Sergey Sorokin June 23, 2016, 2:45 p.m. UTC | #7
I have sentA the third version of the patch.
Richard Henderson June 23, 2016, 4:12 p.m. UTC | #8
On 06/23/2016 07:13 AM, Sergey Sorokin wrote:
>>
>> I think we ought to check this in tcg-op.c, rather than wait until generating
>> code in the backend.
>>
> I think it's better to check this in one place in get_alignment_bits() function
> because there can be a direct call of helpers from softmmu_template.h.
>

I'm talking about the asserts in tcg/*/tcg-target.inc.c.  Those asserts are 
better done in once place in tcg_canonicalize_memop.


r~
Sergey Sorokin June 23, 2016, 6:21 p.m. UTC | #9
Yes, I thought about it. tcg_canonicalize_memop() is good place too.
But do you think that get_alignment_bits() is not good enough?

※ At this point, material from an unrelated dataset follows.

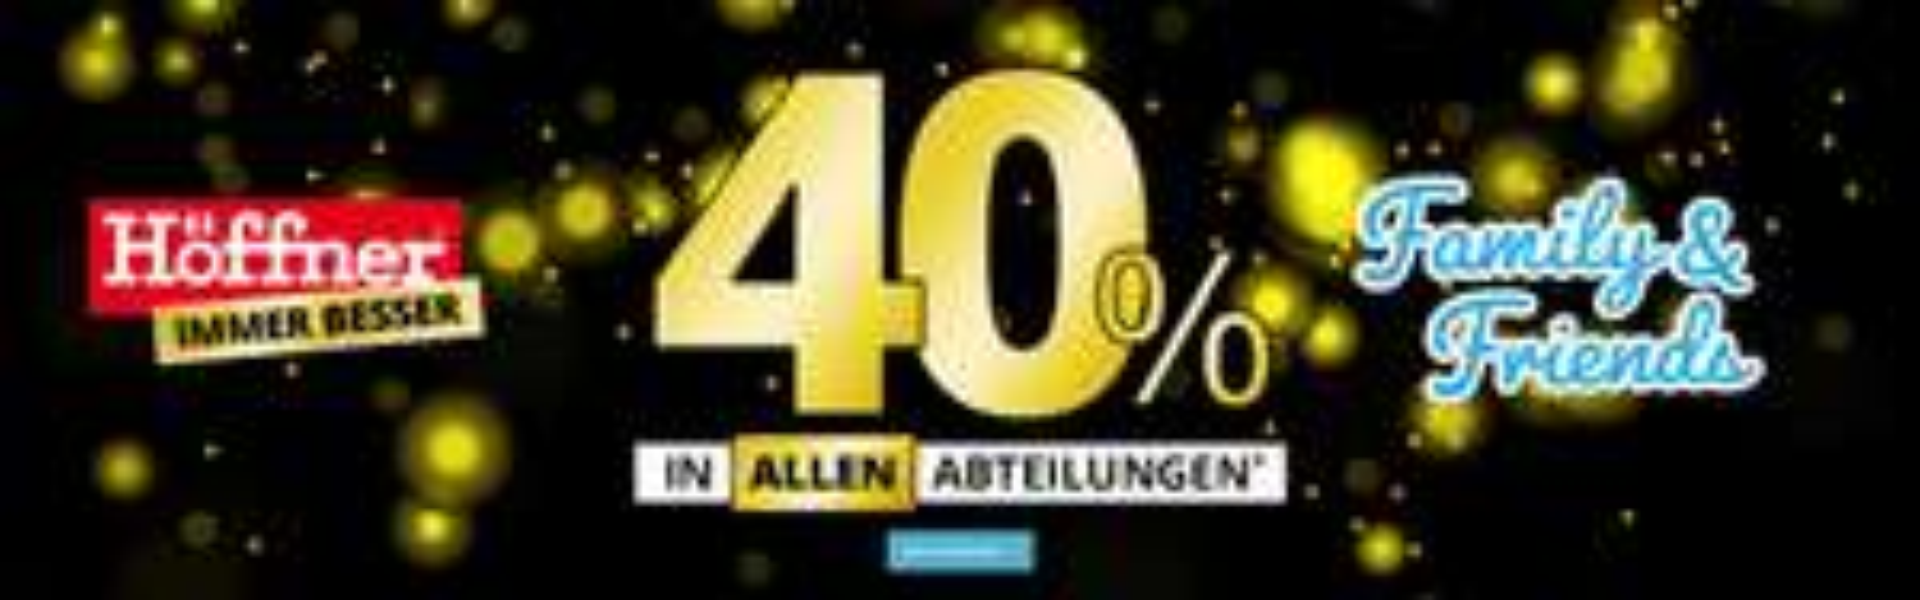 40% Rabatt bei Möbelhaus Höffner (online&offline)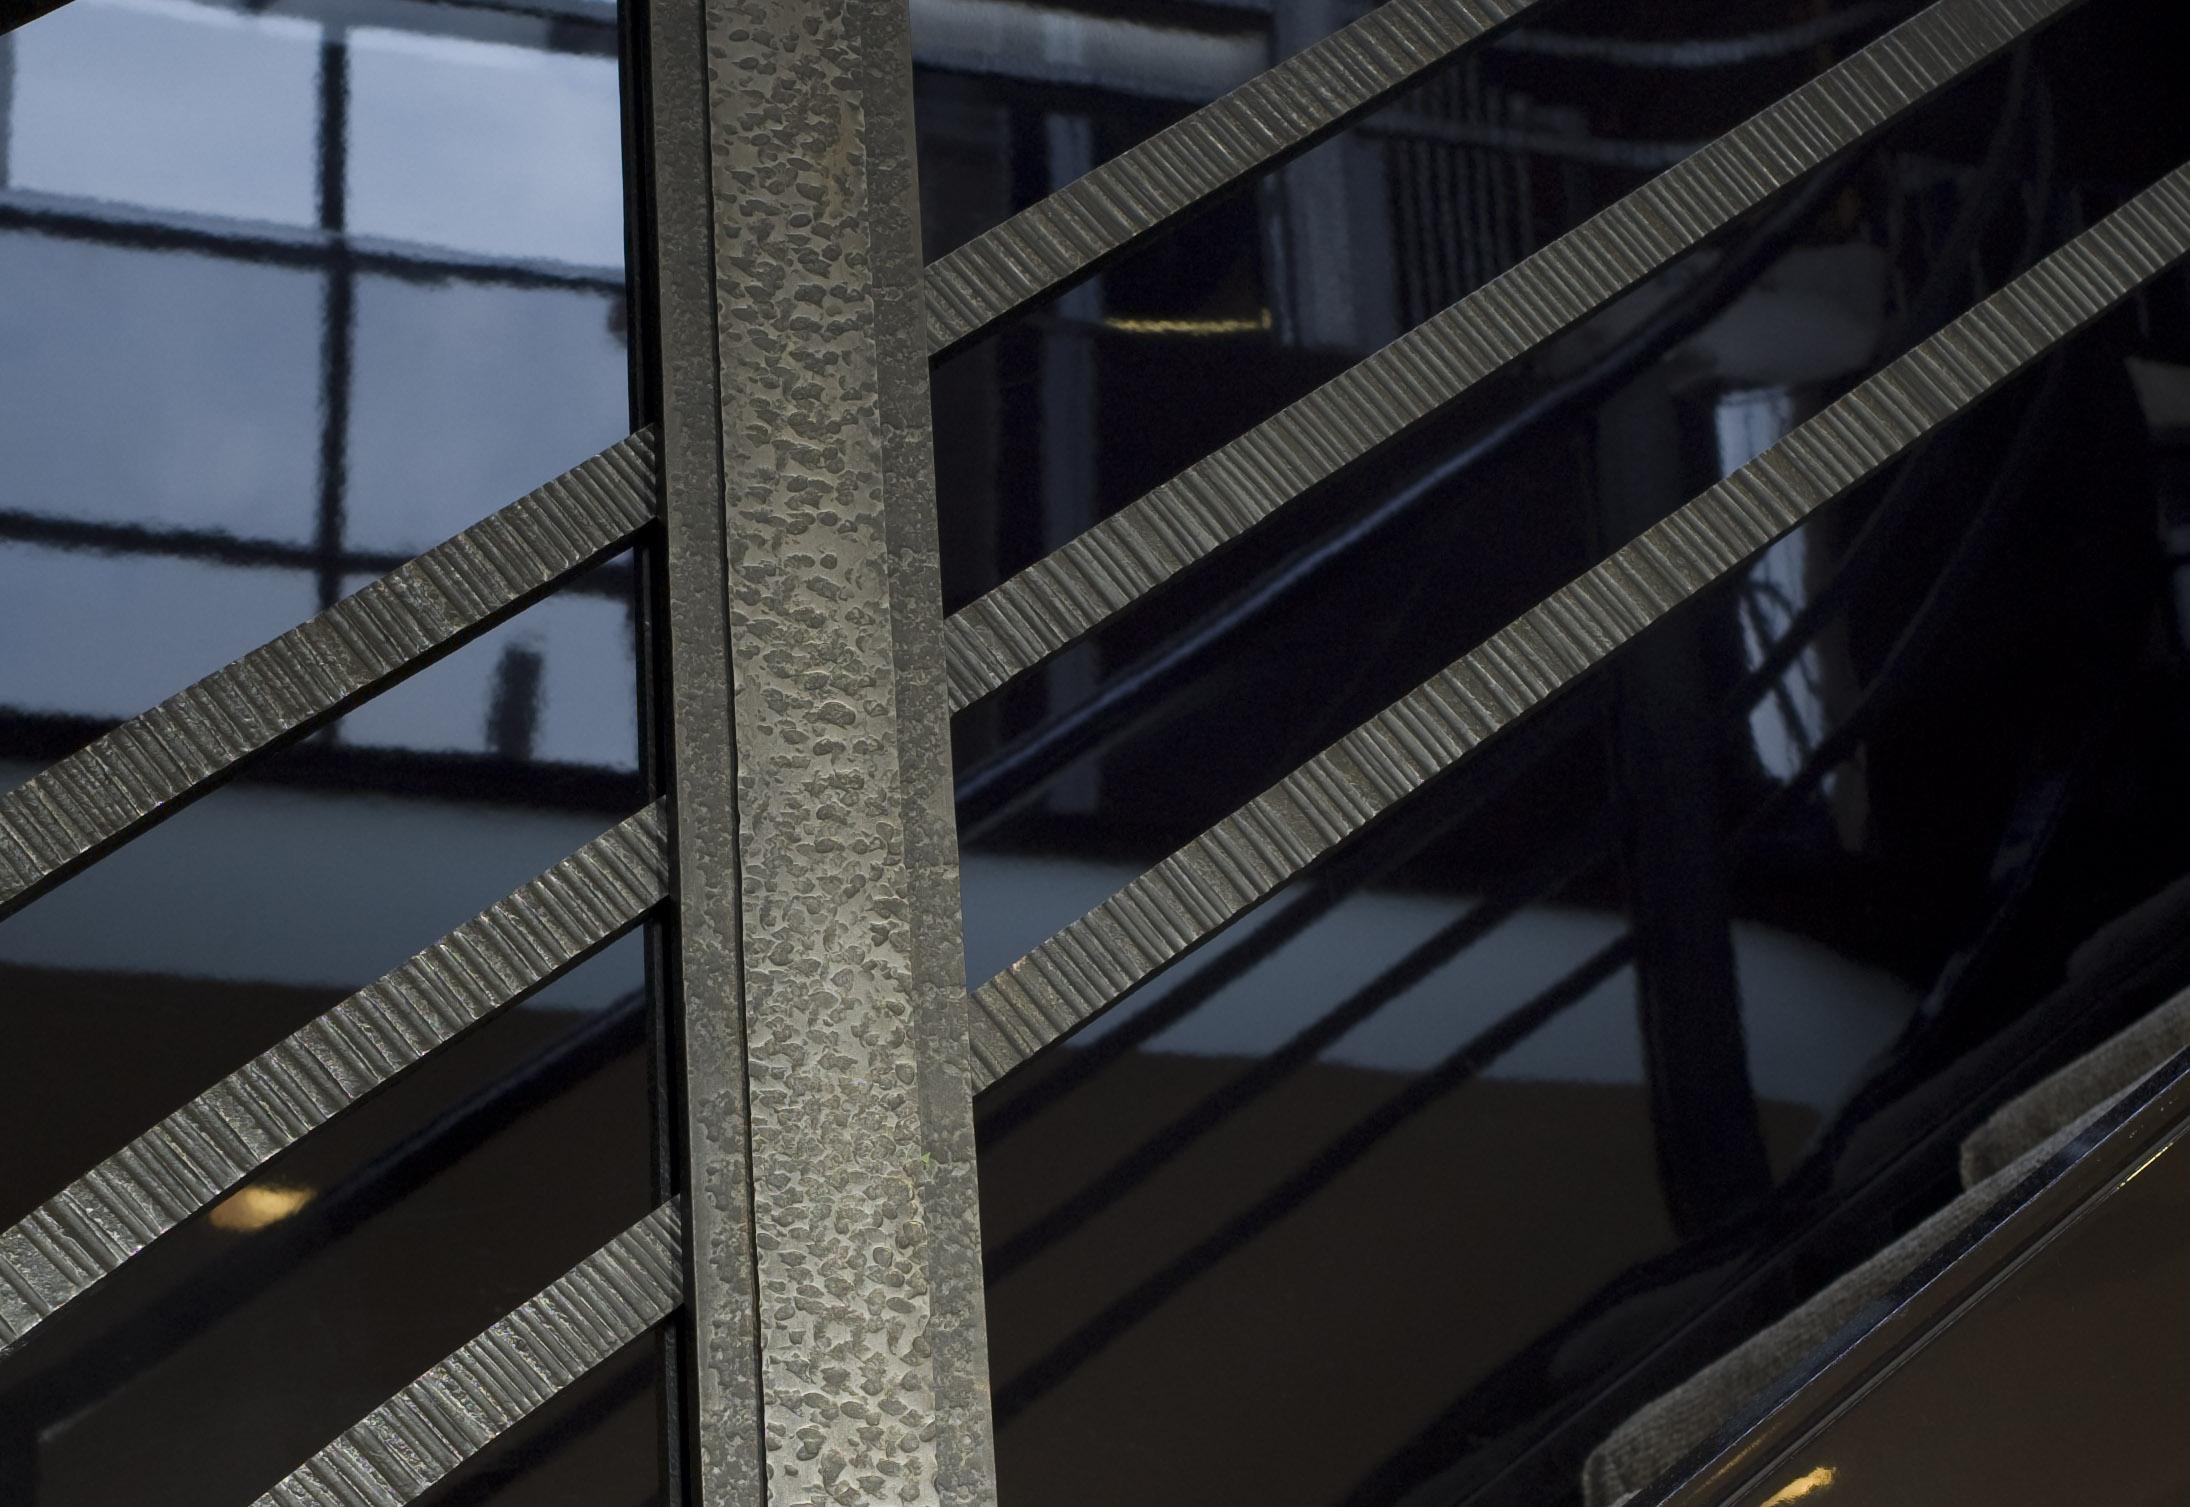 Wrought iron railing fabricated by LMC

23.06.2016, 19:13, "Richard Henderson" <rth@twiddle.net>:
> On 06/23/2016 07:13 AM, Sergey Sorokin wrote:
>>>  I think we ought to check this in tcg-op.c, rather than wait until generating
>>>  code in the backend.
>>  I think it's better to check this in one place in get_alignment_bits() function
>>  because there can be a direct call of helpers from softmmu_template.h.
>
> I'm talking about the asserts in tcg/*/tcg-target.inc.c. Those asserts are
> better done in once place in tcg_canonicalize_memop.
>
> r~
Richard Henderson June 23, 2016, 7:06 p.m. UTC | #10
On 06/23/2016 11:21 AM, Sergey Sorokin wrote:
> Yes, I thought about it. tcg_canonicalize_memop() is good place too.
> But do you think that get_alignment_bits() is not good enough?

I think the earlier a target-* translator problem is diagnosed the better.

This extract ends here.